Action item:
Exactly as written, output each of the lines below, with no images.

Dataset excerpt:
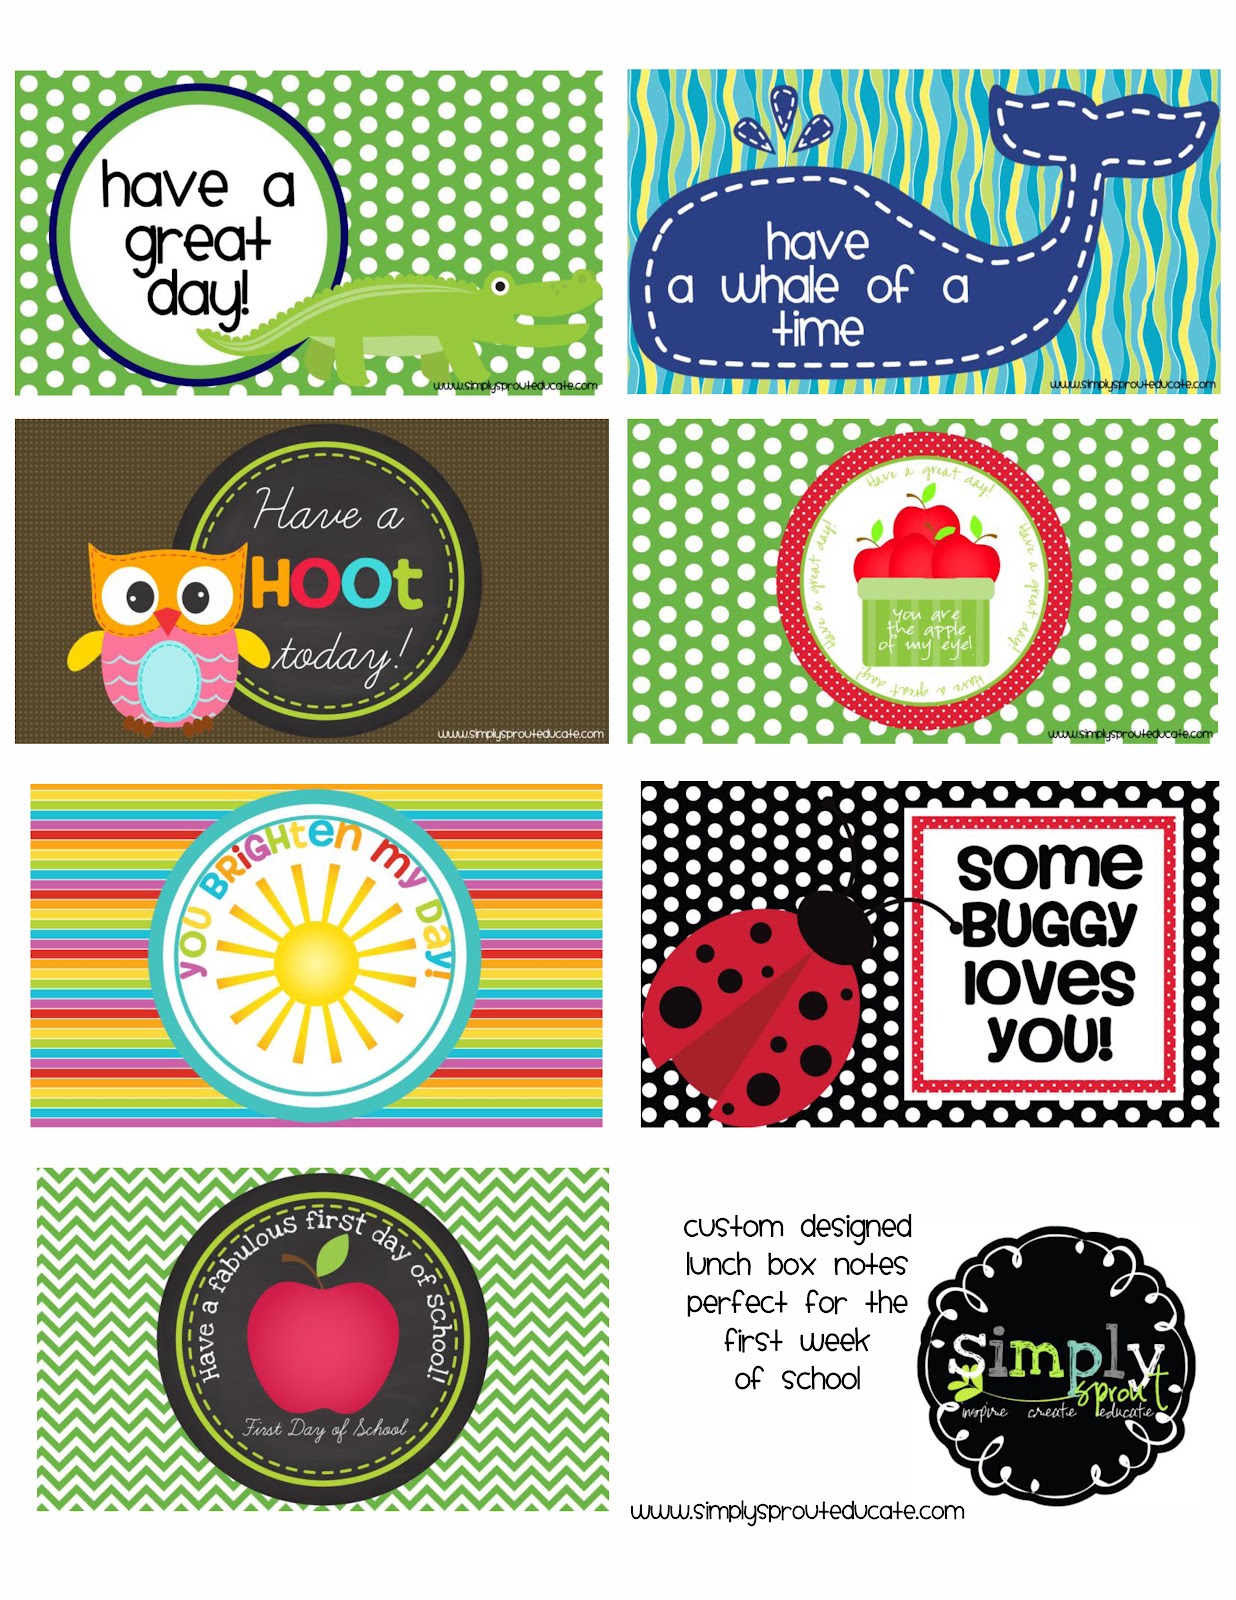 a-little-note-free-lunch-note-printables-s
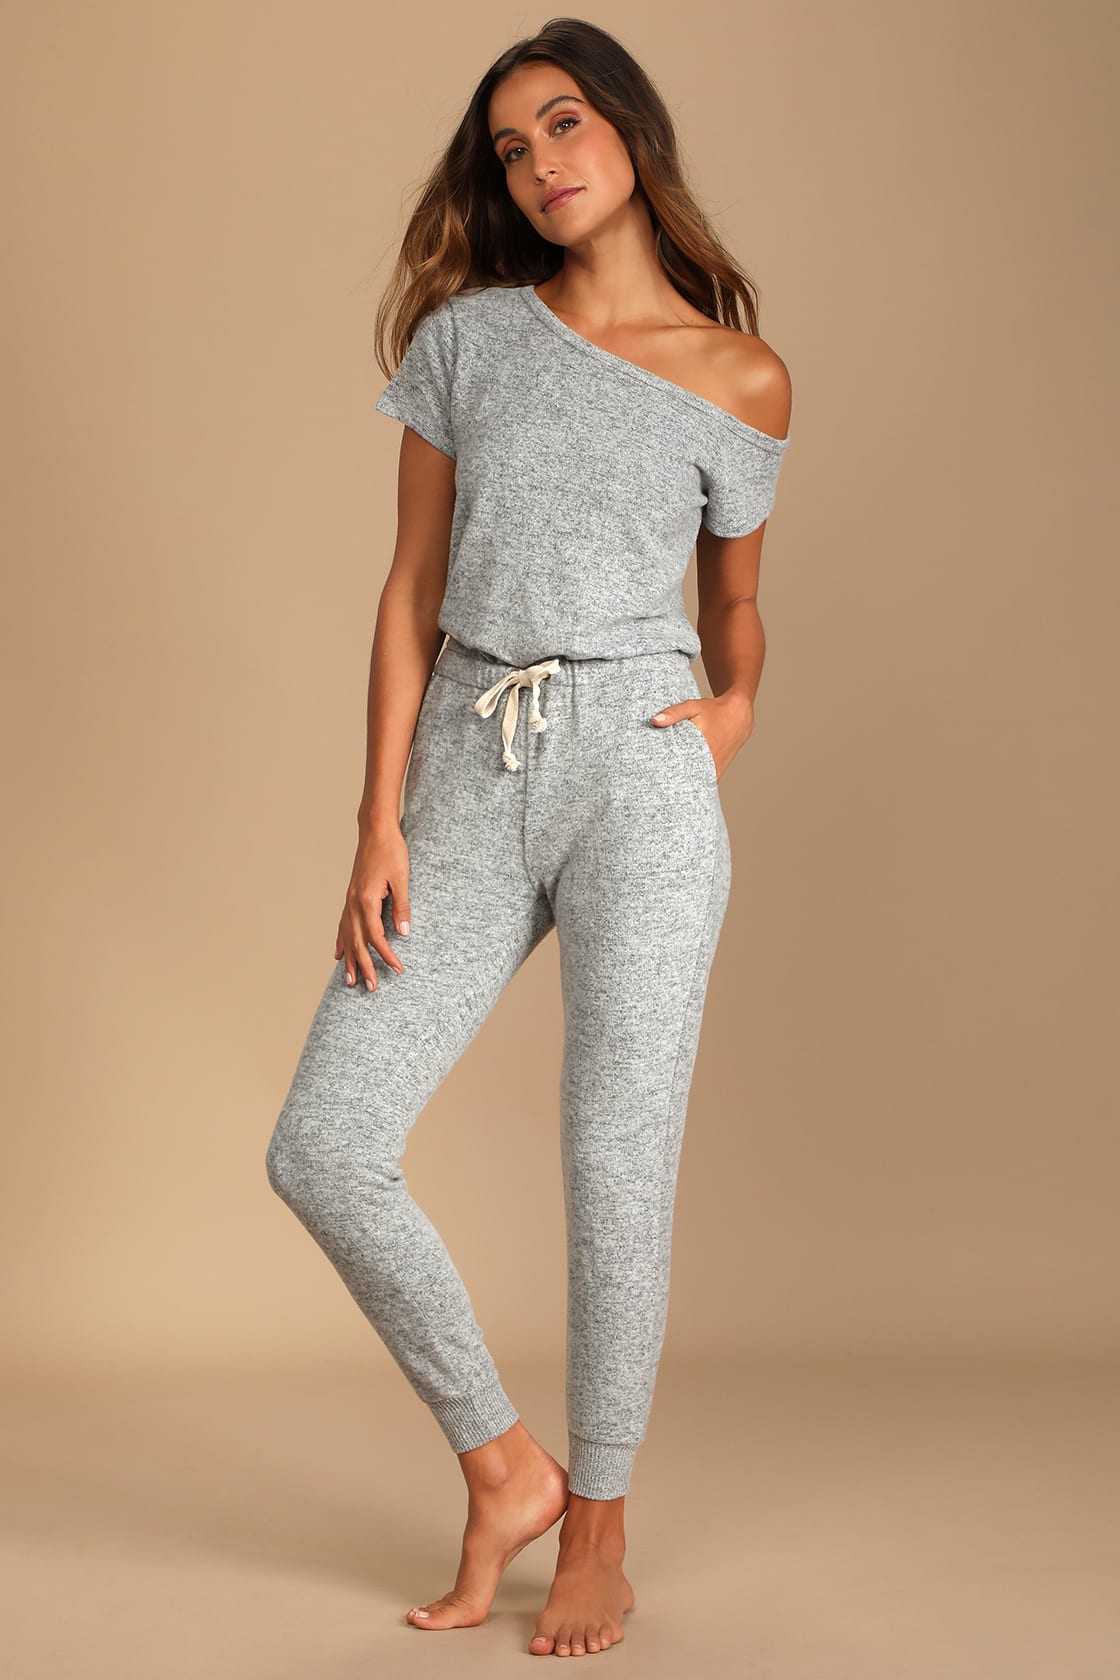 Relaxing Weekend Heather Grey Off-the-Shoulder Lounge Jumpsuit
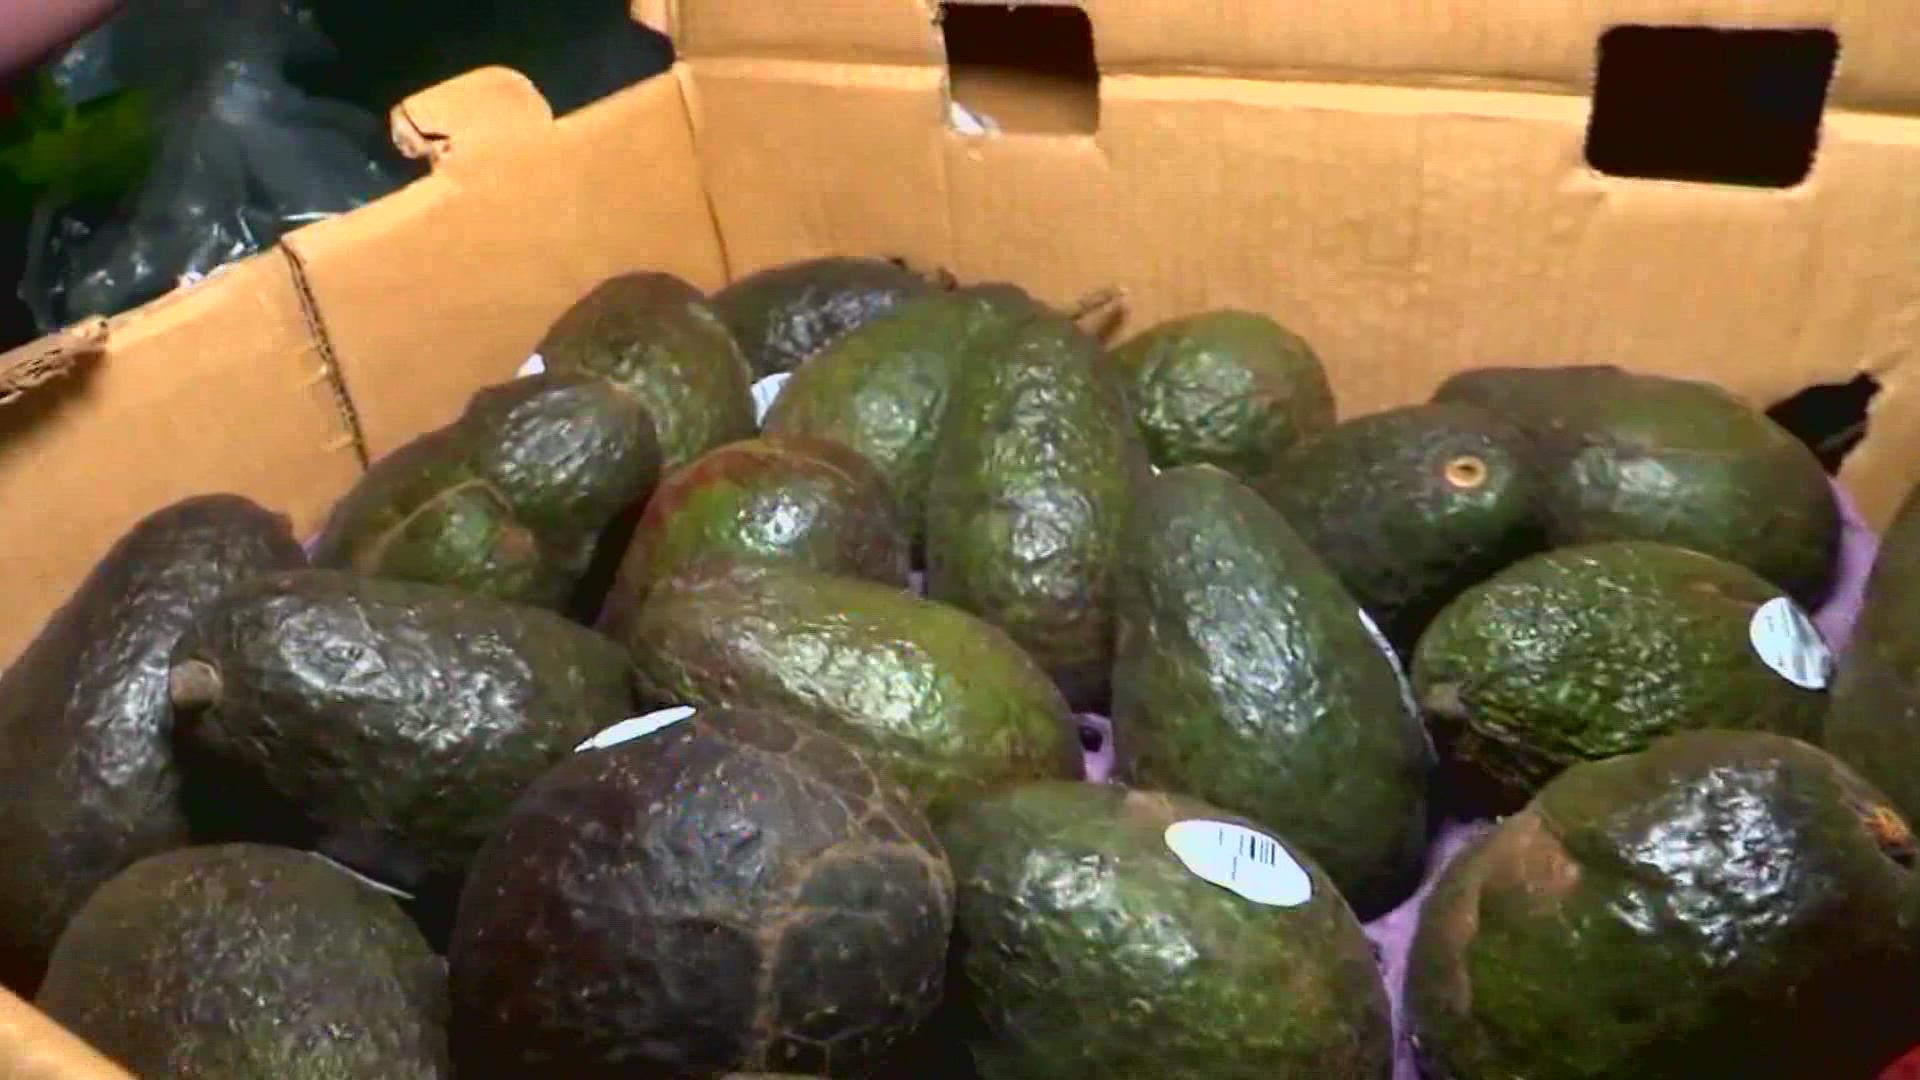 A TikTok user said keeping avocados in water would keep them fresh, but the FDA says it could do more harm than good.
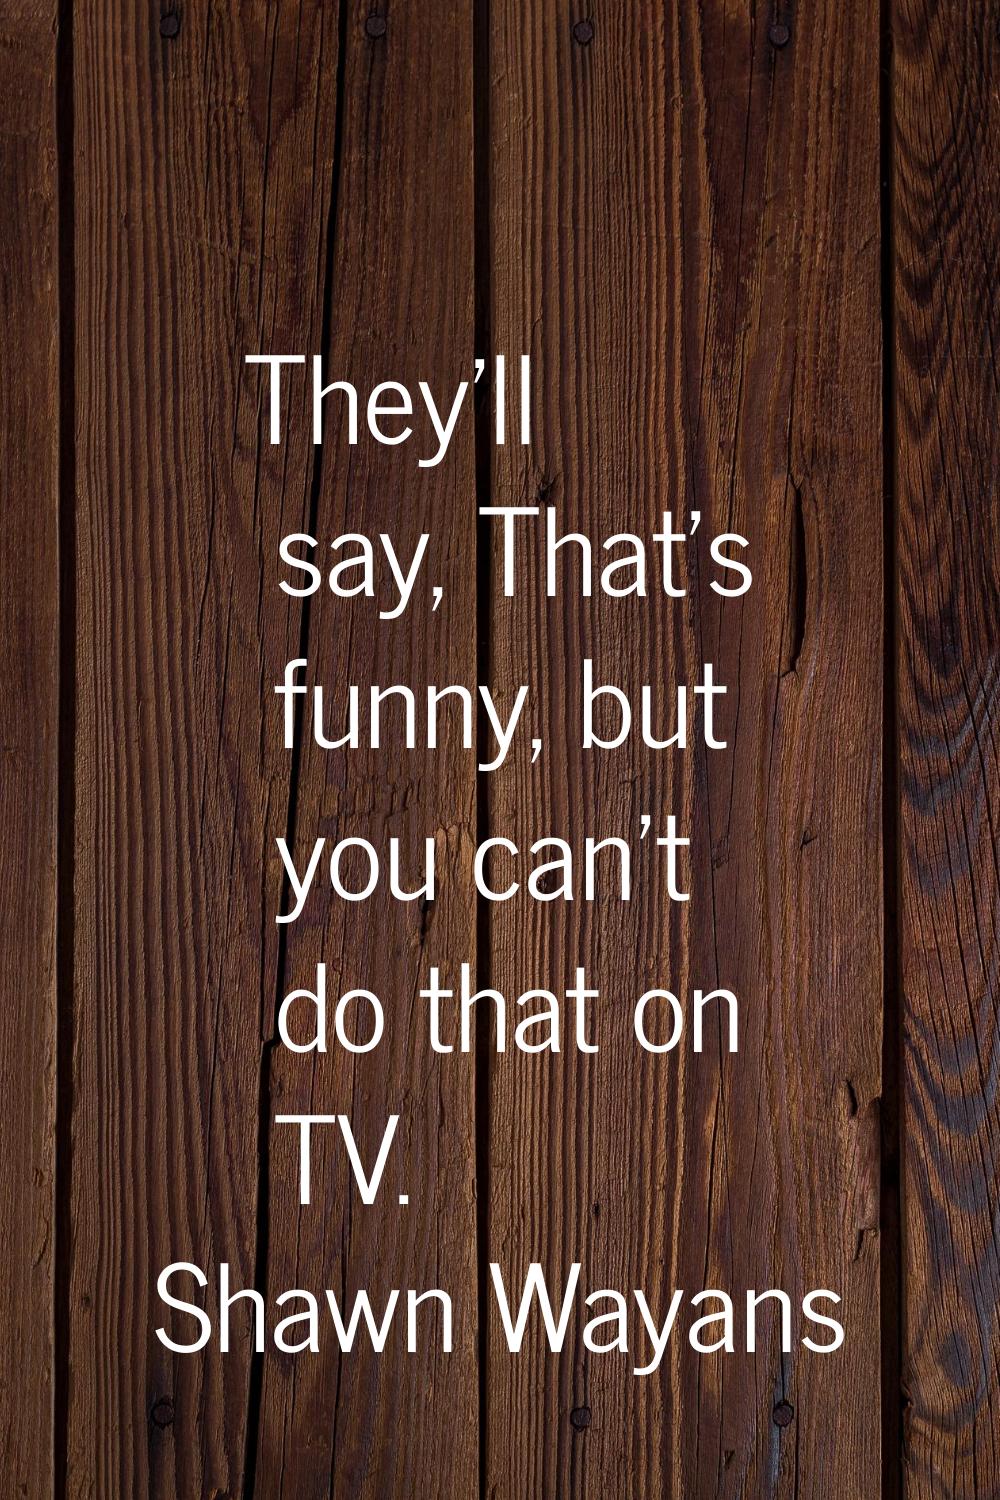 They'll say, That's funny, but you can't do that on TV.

Solution below:
 a-little-note-free-lunch-note-printables-s
 Relaxing Weekend Heather Grey Off-the-Shoulder Lounge Jumpsuit
 A TikTok user said keeping avocados in water would keep them fresh, but the FDA says it could do more harm than good.
 They'll say, That's funny, but you can't do that on TV.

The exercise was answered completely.